Data entries »
[Start of section]

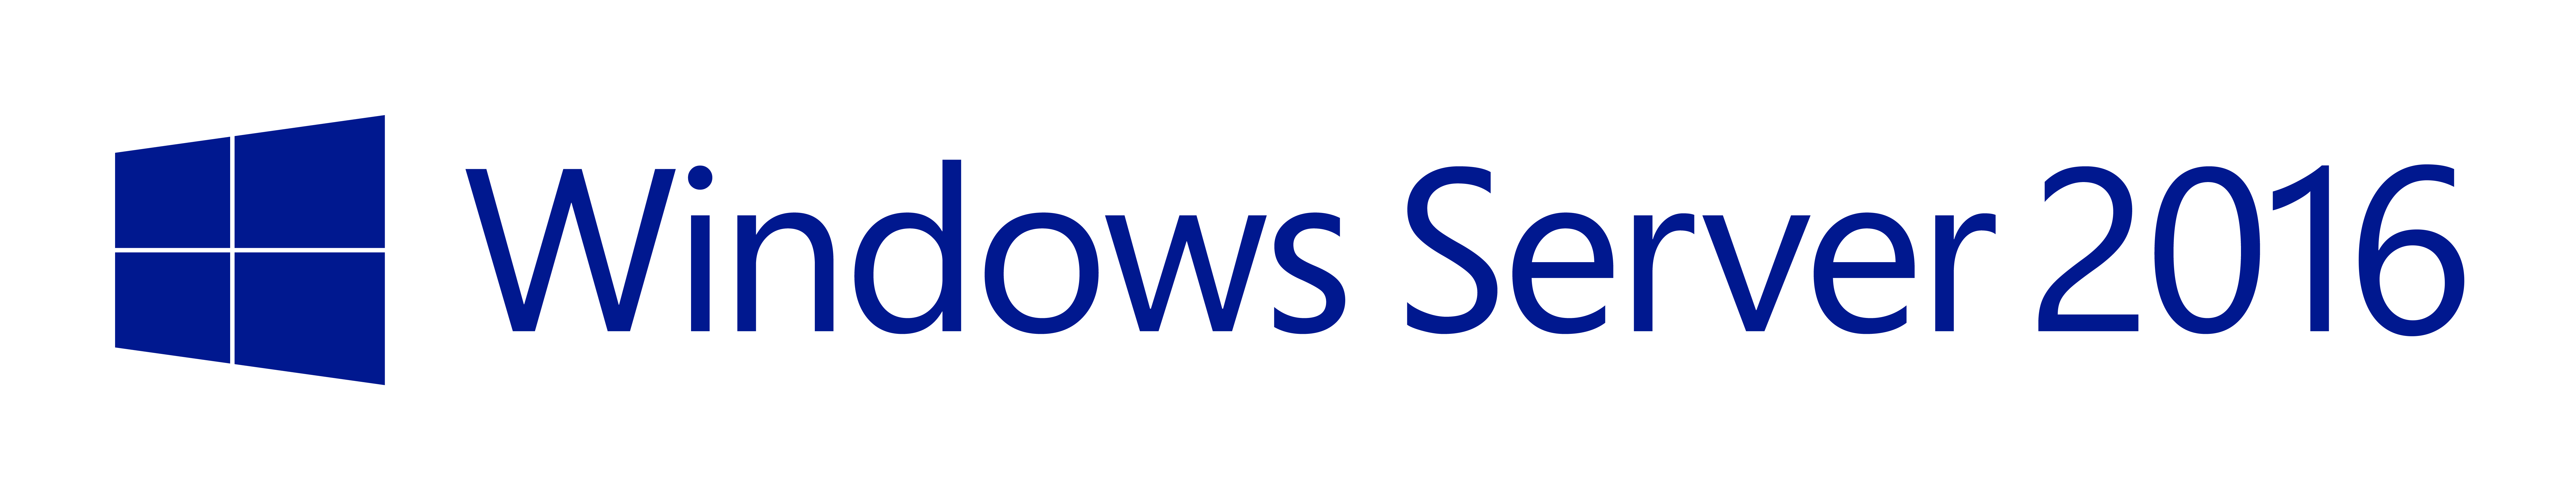 Microsoft Windows Server Logo - File:Windows-server-2016.png - Wikimedia Commons
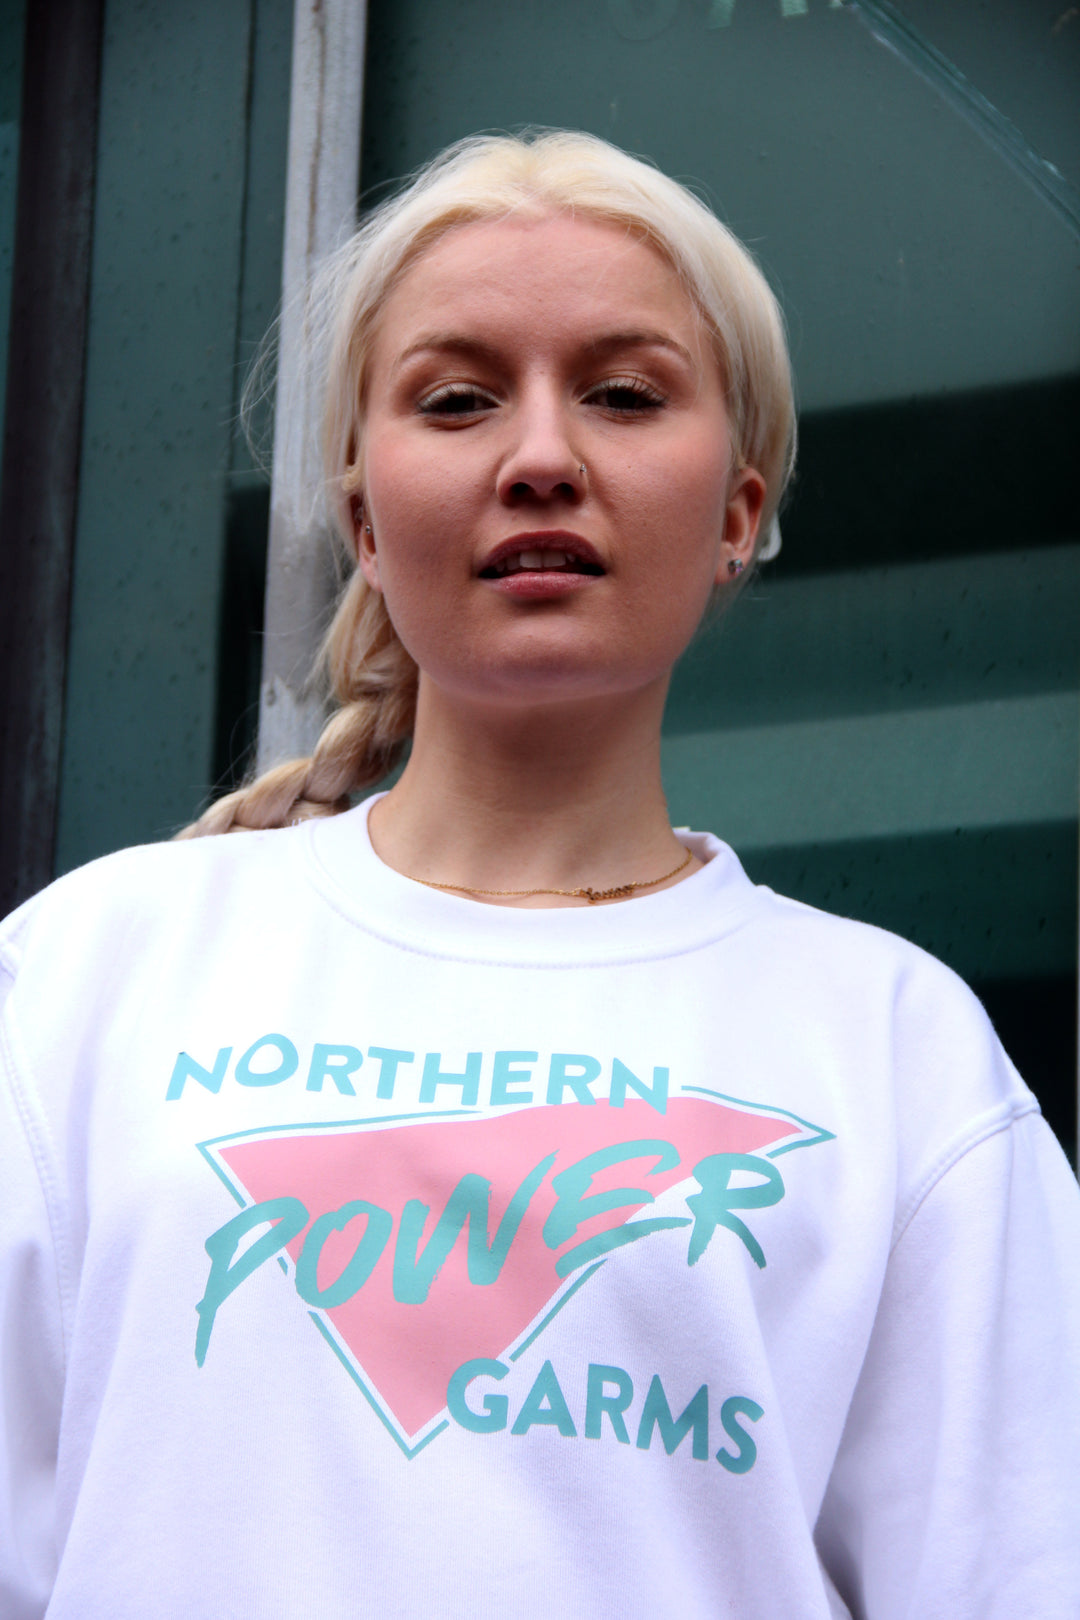 Northern Power Garms Sweater
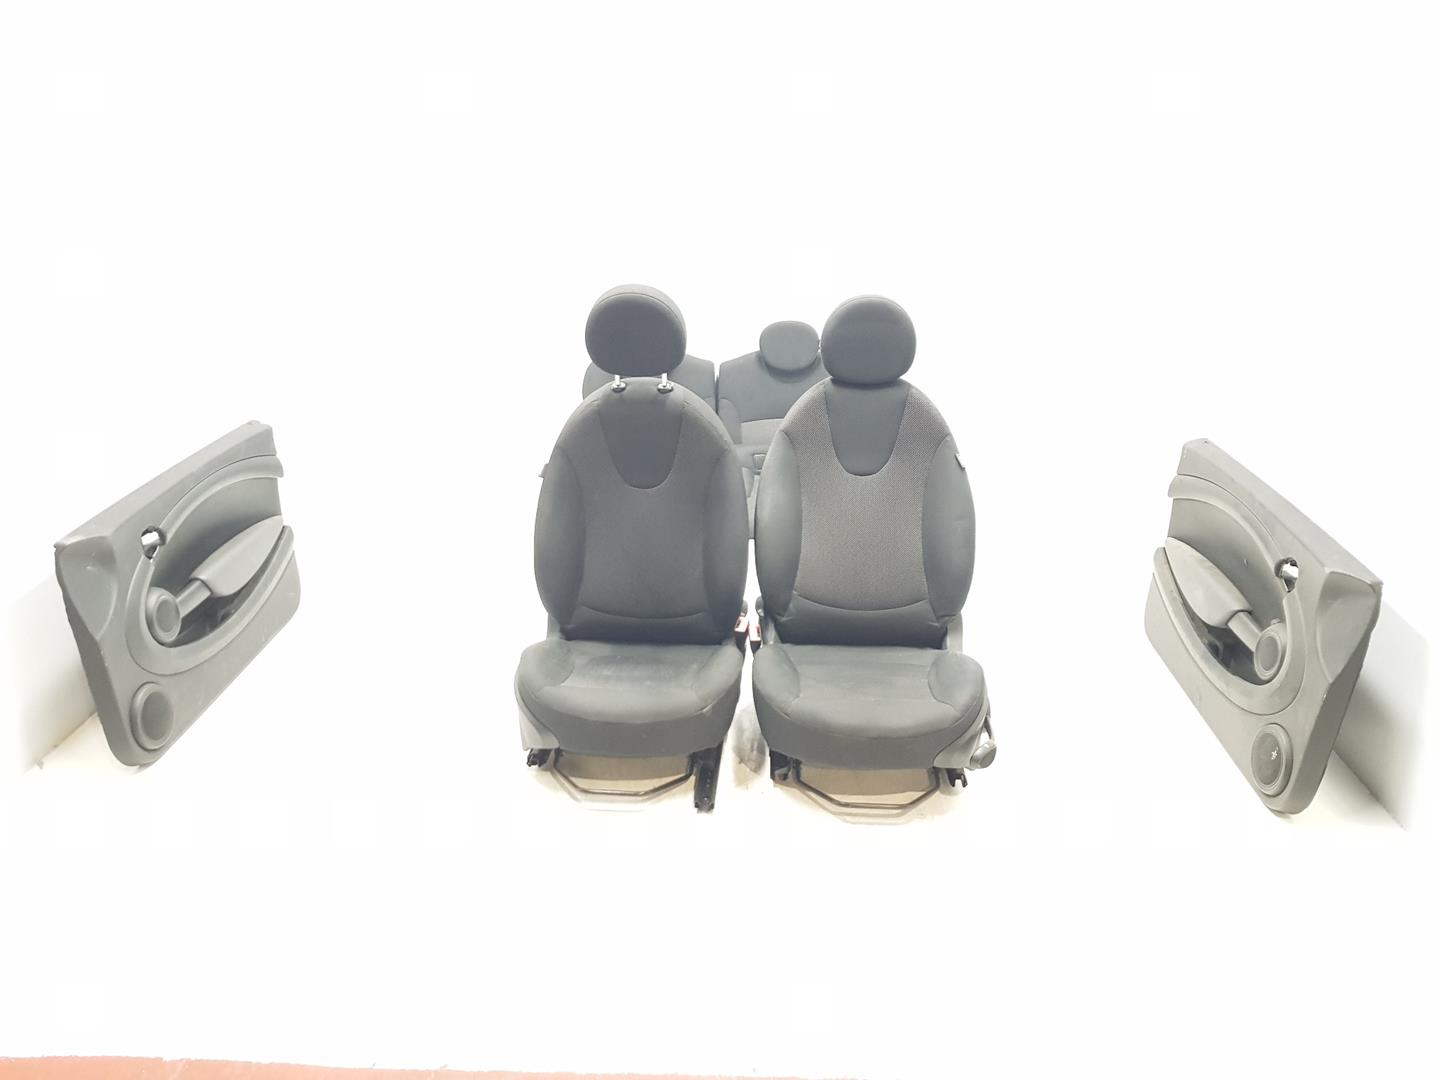 MINI Cooper R56 (2006-2015) Seats ASIENTOSTELA, ASIENTOSMANUALES, CONPANELES 19905968
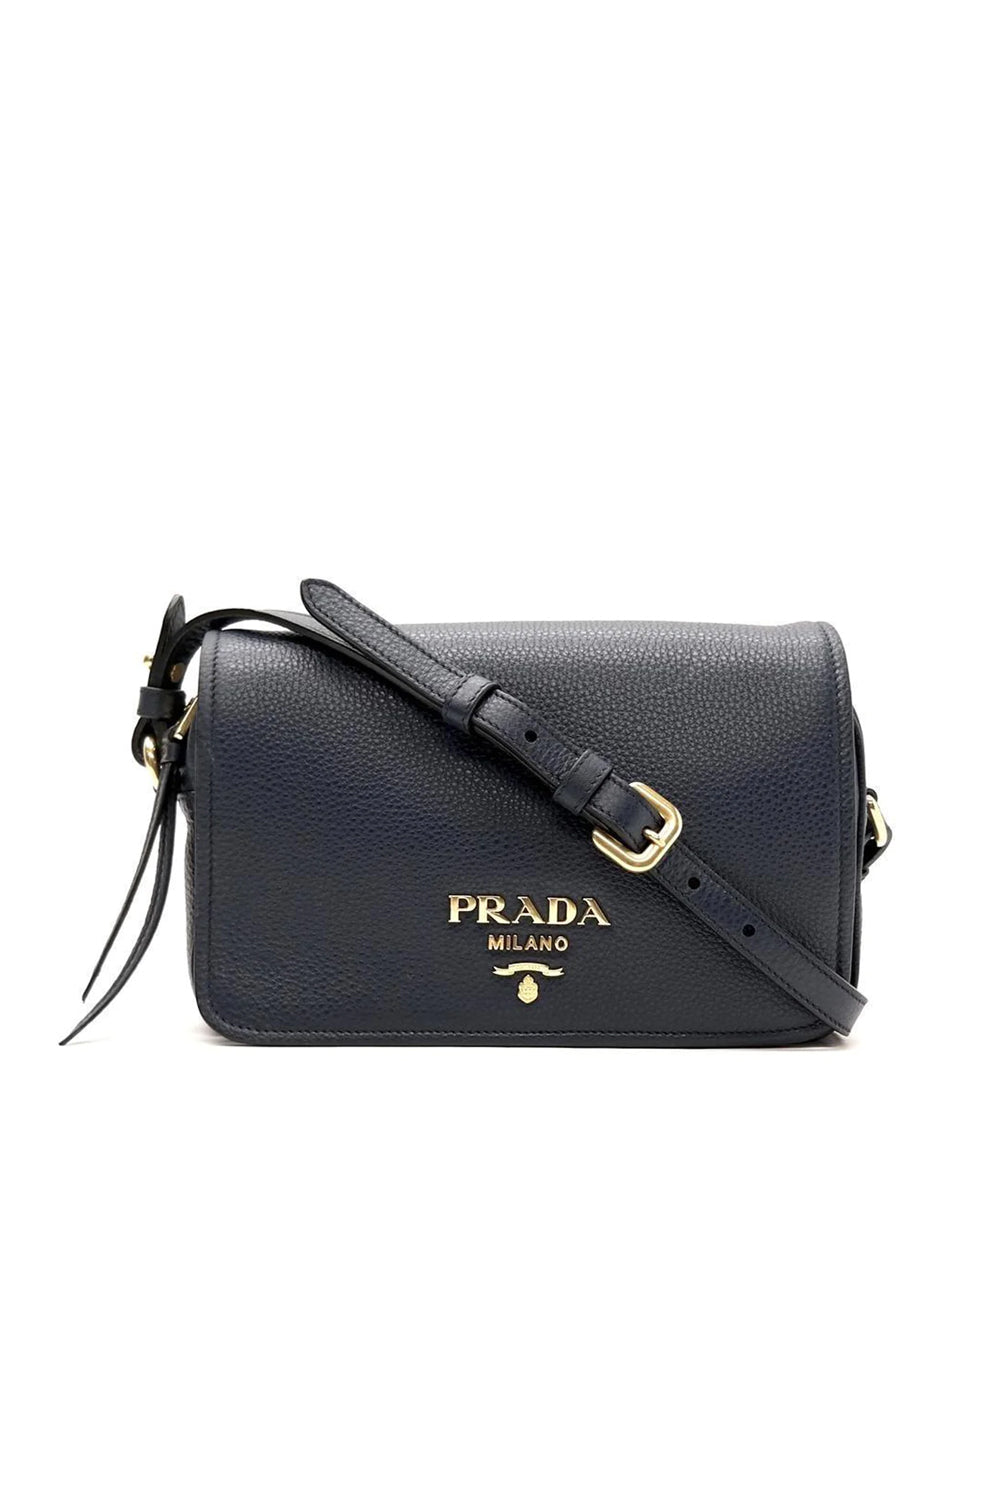 Prada Vitello Phenix Leather Crossbody Bag
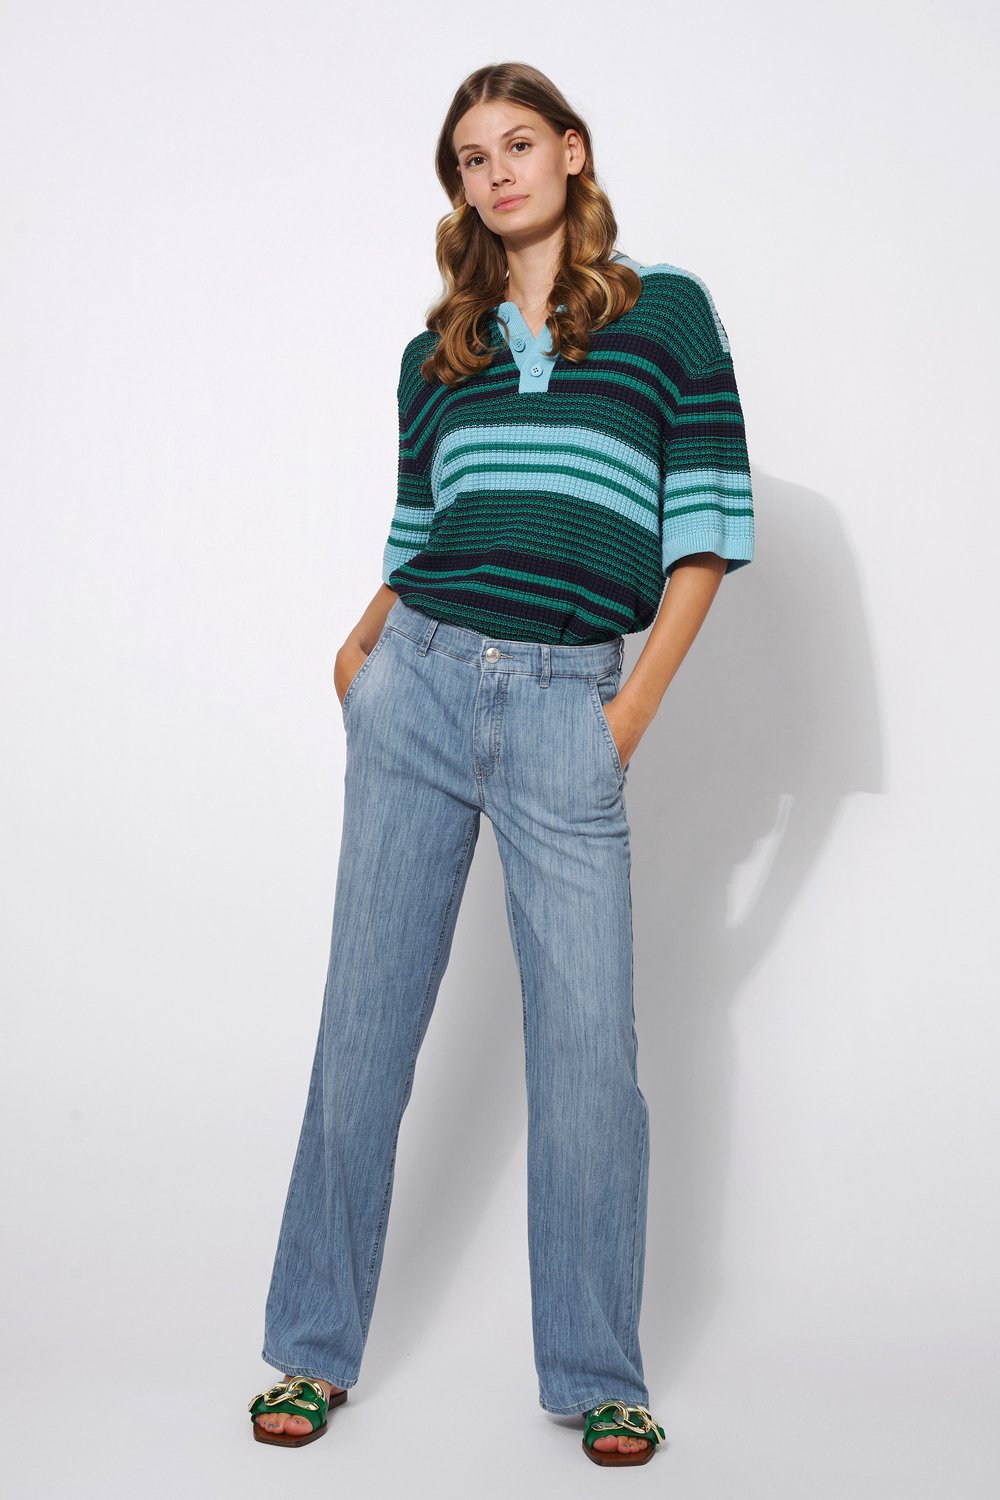 Light wide leg jeans | Style »Audrey1_085« light blue

[End of section]

EXERCISE INSTRUCTIONS » Once the pictures are removed, write out all of the entries above exactly.

TASK RESULT »
 Microsoft Windows Server Logo - File:Windows-server-2016.png - Wikimedia Commons
 Northern Power Garms Sweater
 MINI Cooper R56 (2006-2015) Seats ASIENTOSTELA, ASIENTOSMANUALES, CONPANELES 19905968
 Prada Vitello Phenix Leather Crossbody Bag
 Light wide leg jeans | Style »Audrey1_085« light blue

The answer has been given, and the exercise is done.